Motor independence of trajectory formation

How locomotor trajectories are affected by a severe reorganization of the walking patterns was investigated here. Despite the differences between stepping motor patterns at the leg level during forward and backward walking (in addition to the perceptual level previously discussed), both the observed average trajectories and the variability profiles were strikingly similar in conditions VF and VB, suggesting similar open-loop and online control mechanisms in the production of whole-body trajectories in these two conditions. This further strengthens the hypothesis that the CNS plans and controls goal-oriented locomotion at the level of whole-body trajectories in space and, to some extent, independently of the motor implementation level. Then, a detailed motor strategy (in terms of foot placements, muscular activations, intersegmental coordination, etc.) would be produced to actually implement these trajectories. This can be related to the classical observation that arm movements are planned at the level of hand trajectory in space (see e.g. Morasso 1981, Atkeson and Hollerbach 1985) or, more recently, to the results of Steck and colleagues (2009), who showed that the estimation of homing distance in desert ants is preserved despite severe disturbance of walking behaviour following limb loss.

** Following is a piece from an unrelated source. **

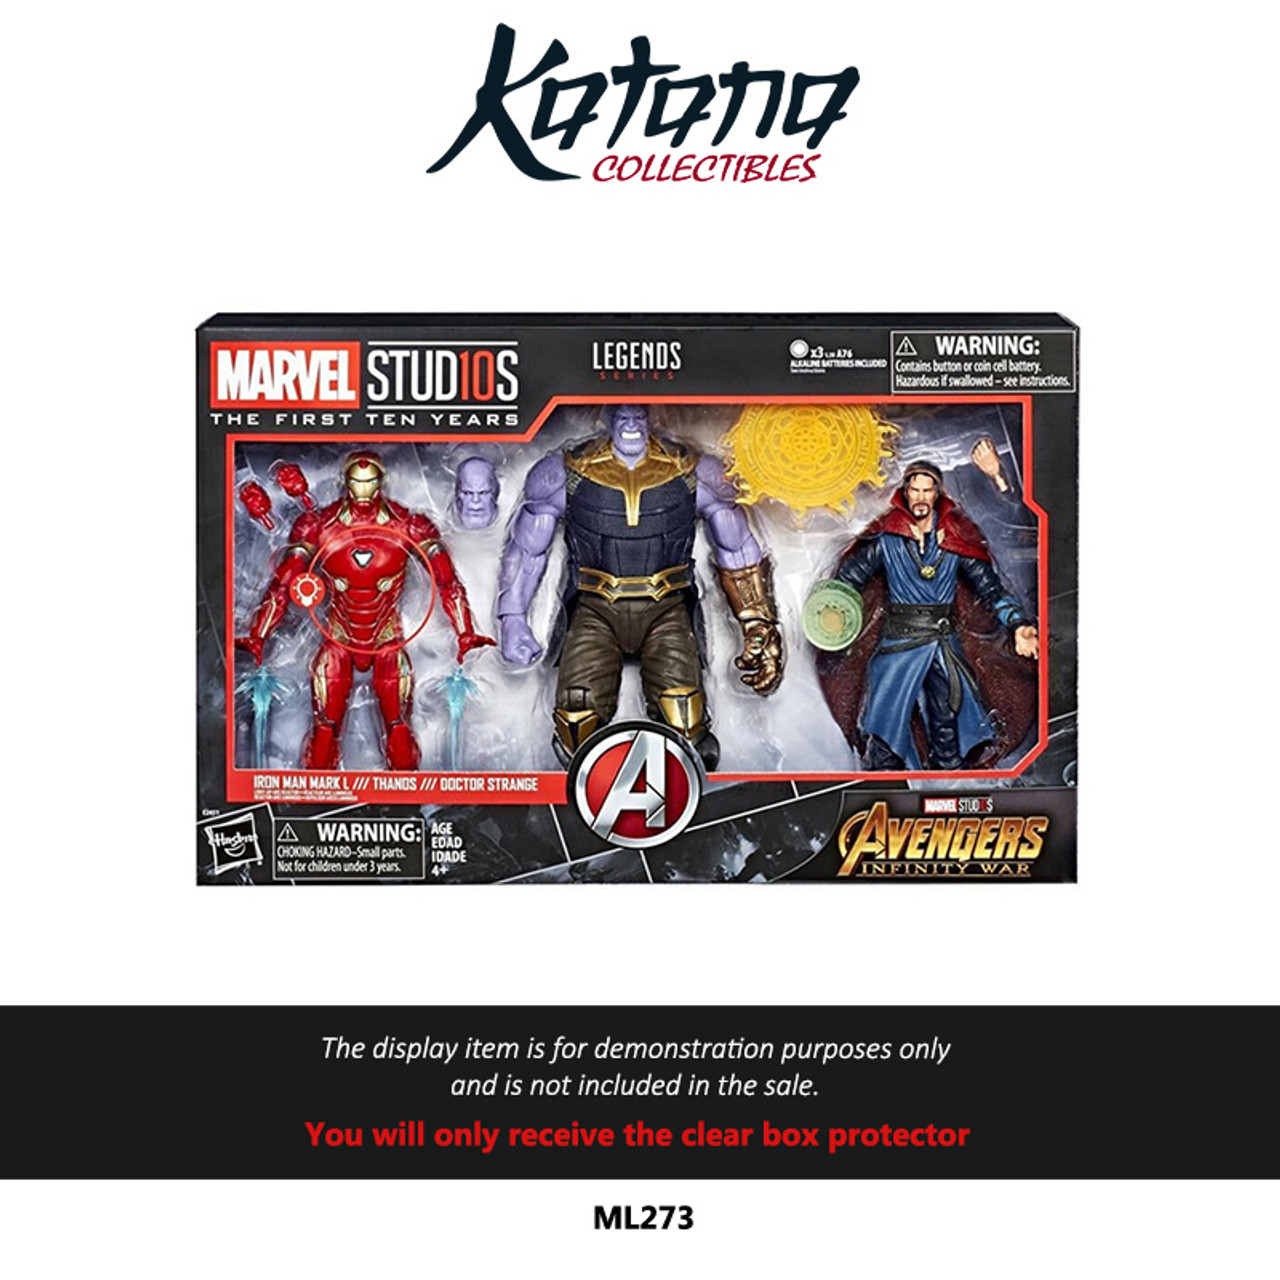 Katana Collectibles Protector For Marvel Legends Iron Man, Thanos & Doctor Strange 3-Pack Figures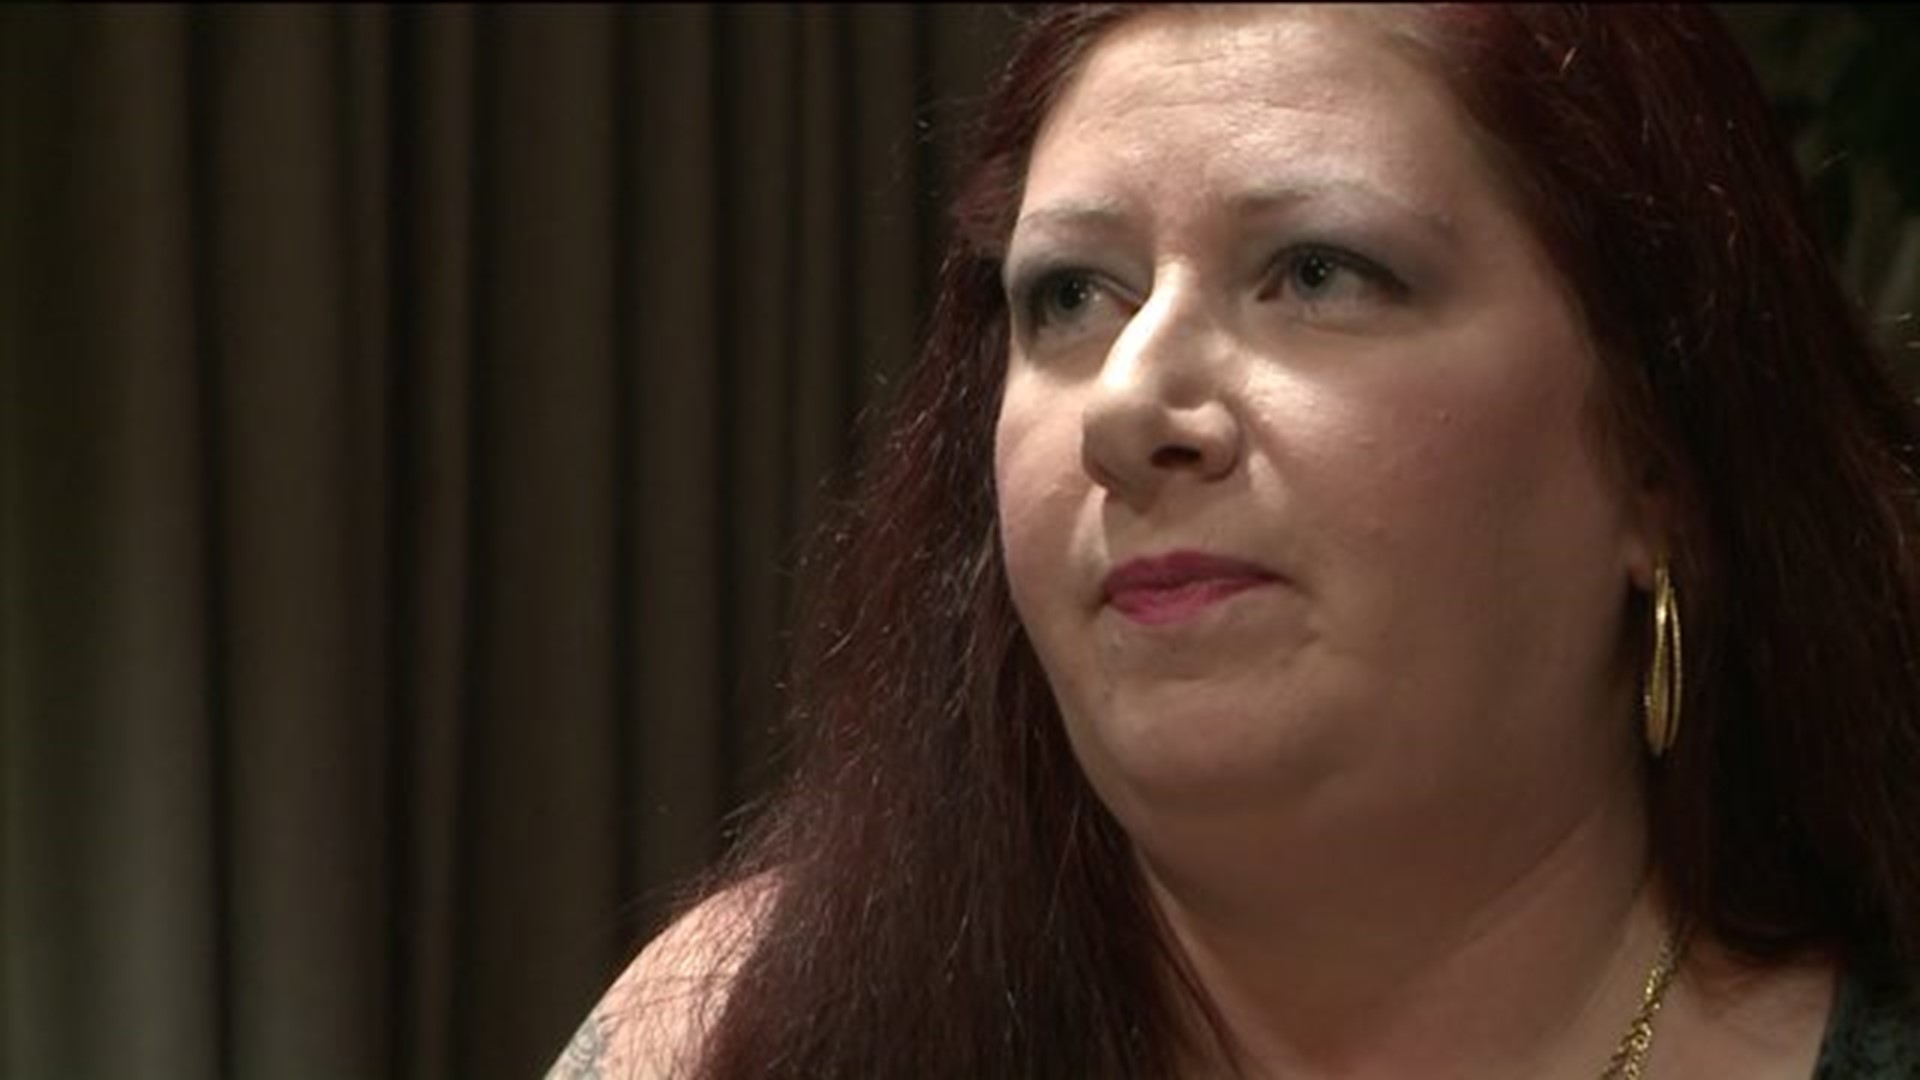 EXCLUSIVE: Victim of convicted murder, rapist, speaks out for the first time

We noted, however, some limitations to our experimental findings. For targets 4W and 5W which impose inflection points in the trajectories, the differences between the average trajectories in the VF and VB conditions were higher than for the other targets (see “Results”). Since the existence of inflection points may dramatically increase the complexity of the task, bio-mechanical differences may play a greater role in shaping the trajectories. In the same vein, it could be noted that, in highly constrained tasks (such as avoidance tasks: Patla et al. 1999), the foot placement may become stereotyped and precisely monitored by the CNS, which contrasts with the highly variable foot placement patterns observed in free-environment experiments (Hicheur et al. 2007).

In conclusion, our observations argue in favour of the hypothesis that the open-loop component in the control of whole-body trajectories is mostly independent of the detailed sensory and motor implementation. Such a control could in turn be based on the maximization of trajectory smoothness (Pham et al. 2007, Pham and Hicheur 2009) or on geometrical invariance principles (for instance Bennequin et al. 2009 showed that the locomotor speed along complex trajectories obeys a mixture of Euclidian, equi-affine and affine invariances).